He indicated that his job was to attend trials, hearings, mediations, and depositions.
Hardwick explained that he reviewed payment histories, records, has access to all of
the bank’s systems, and can decipher the codes used in Surf City’s exhibit J.
Hardwick identified the PNC records that included Surf City’s exhibits: (F) PNC Notices informing the Lofti-Fards that their home equity line of credit would end
and become due on Aug. 31, 2013; (G) PNC Collection Letters sent to the Lofti-
Fards indicating overdue payment amounts; (H) some of the Lofti-Fards’ PNC
Bank Statements; (I) a PNC Settlement Package that was sent to the Lofti-Fards
presumably at their request; and (J) the PNC Bank Collection History printouts
from 2009 forward.
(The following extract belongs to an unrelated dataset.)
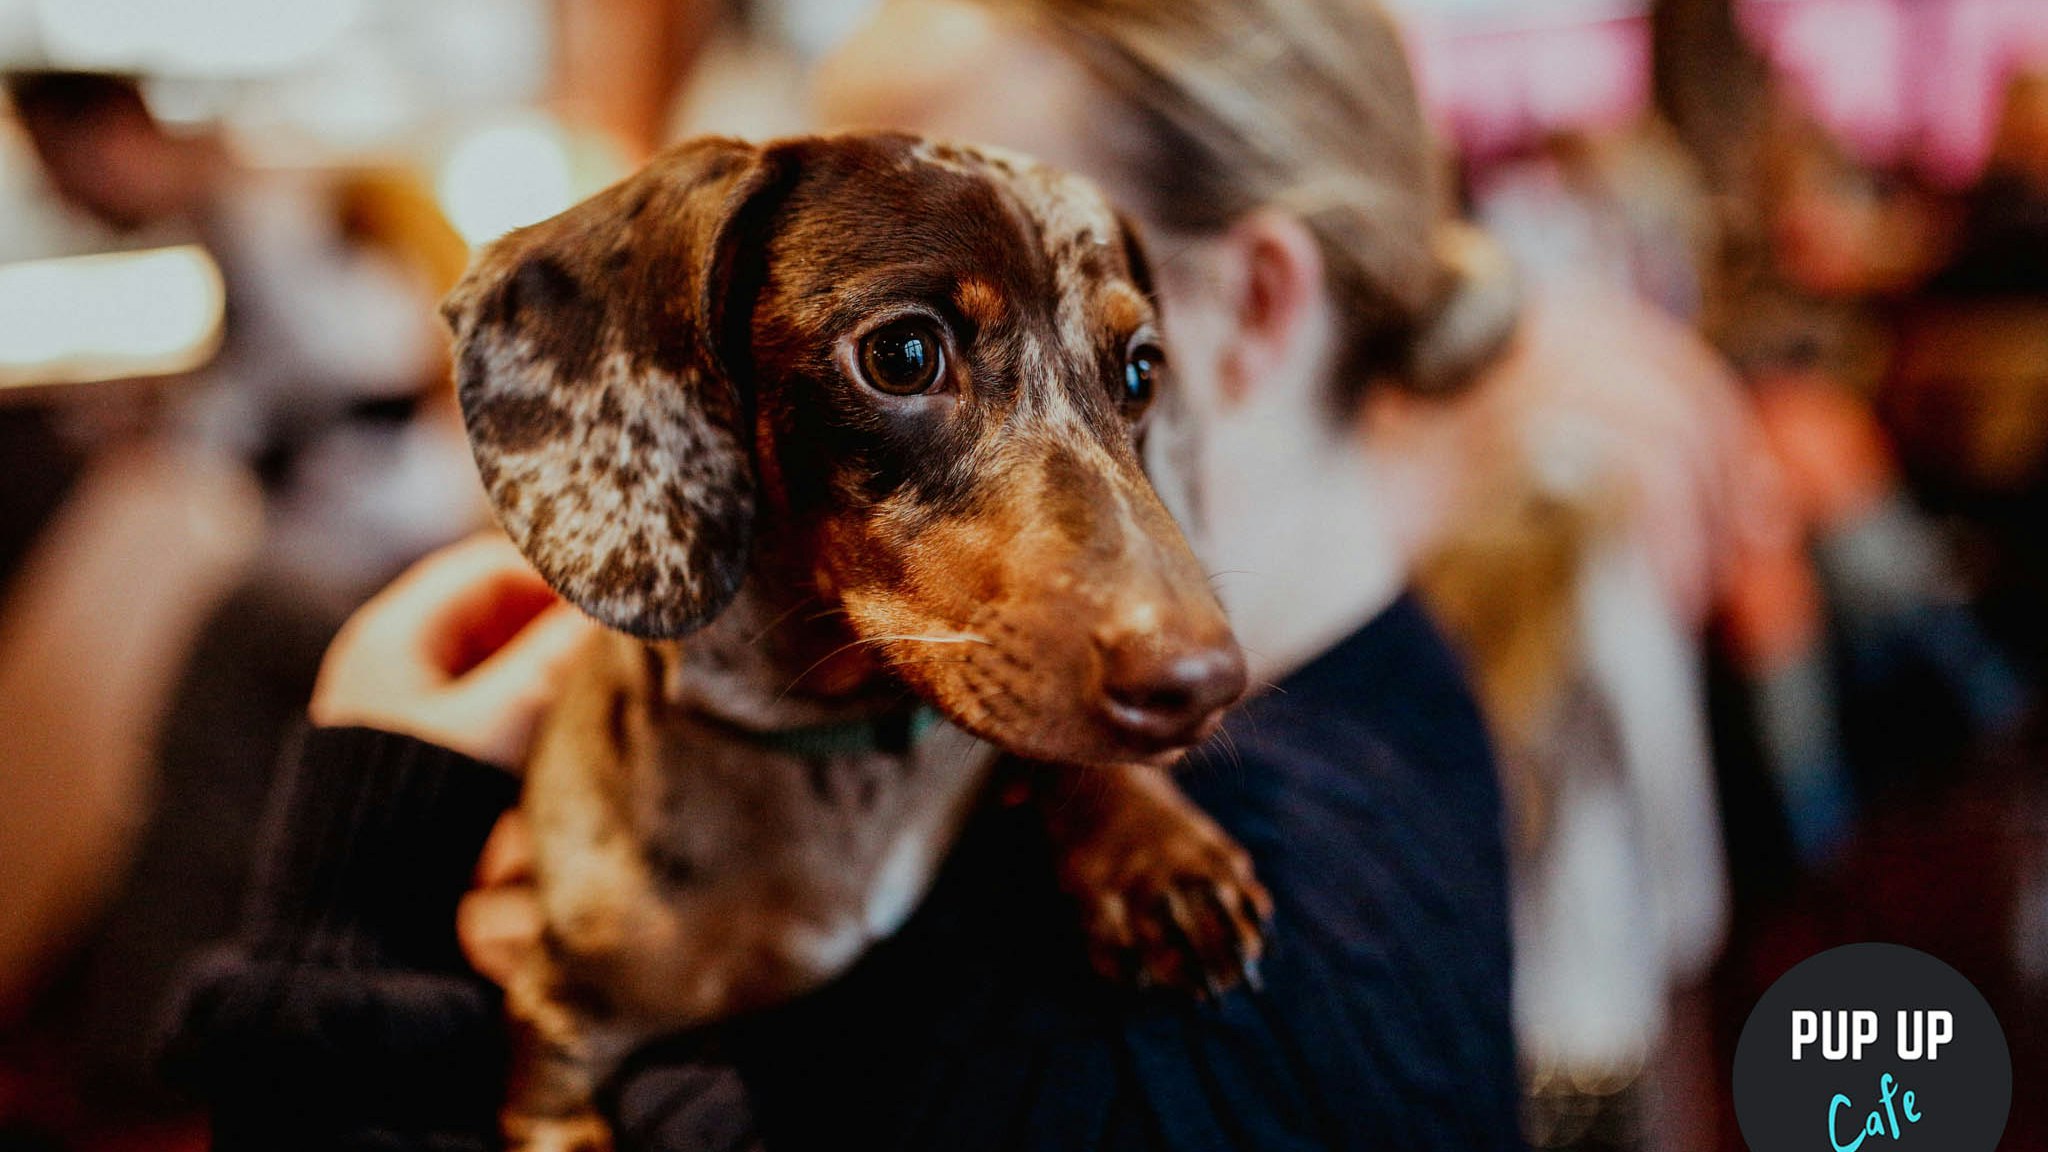 Dachshund Pup Up Cafe – Reading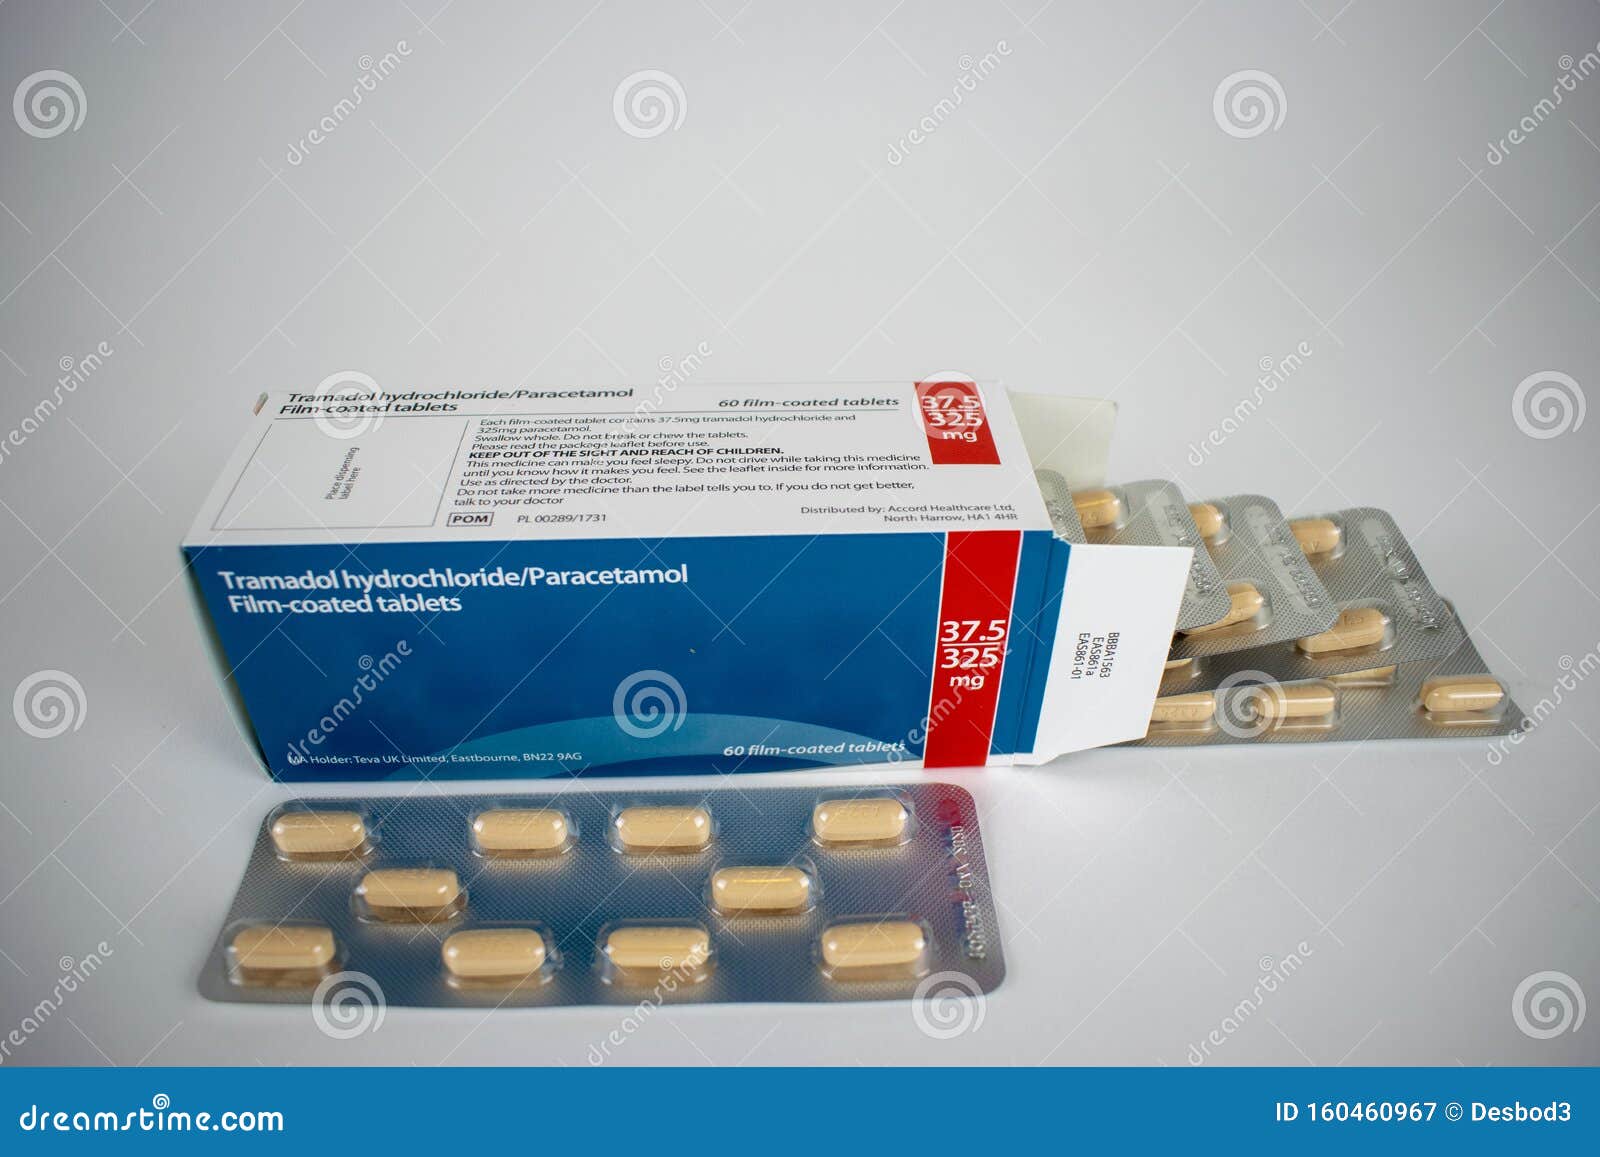 Tramadol Photos Free Royalty Free Stock Photos From Dreamstime

He testified that these documents were kept in the ordinary
course of business and that the documents involved the Lofti-Fards’ Note and
Mortgage at issue in this case.
Again, the Lofti-Fards objected to every document admitted through
Hardwick’s testimony during trial. On cross-examination, the Lofti-Fards
established that none of the documents from PNC establish a zero balance or draws
Surf City called Ali Lofti-Fard (“Ali”) to testify on cross-examination.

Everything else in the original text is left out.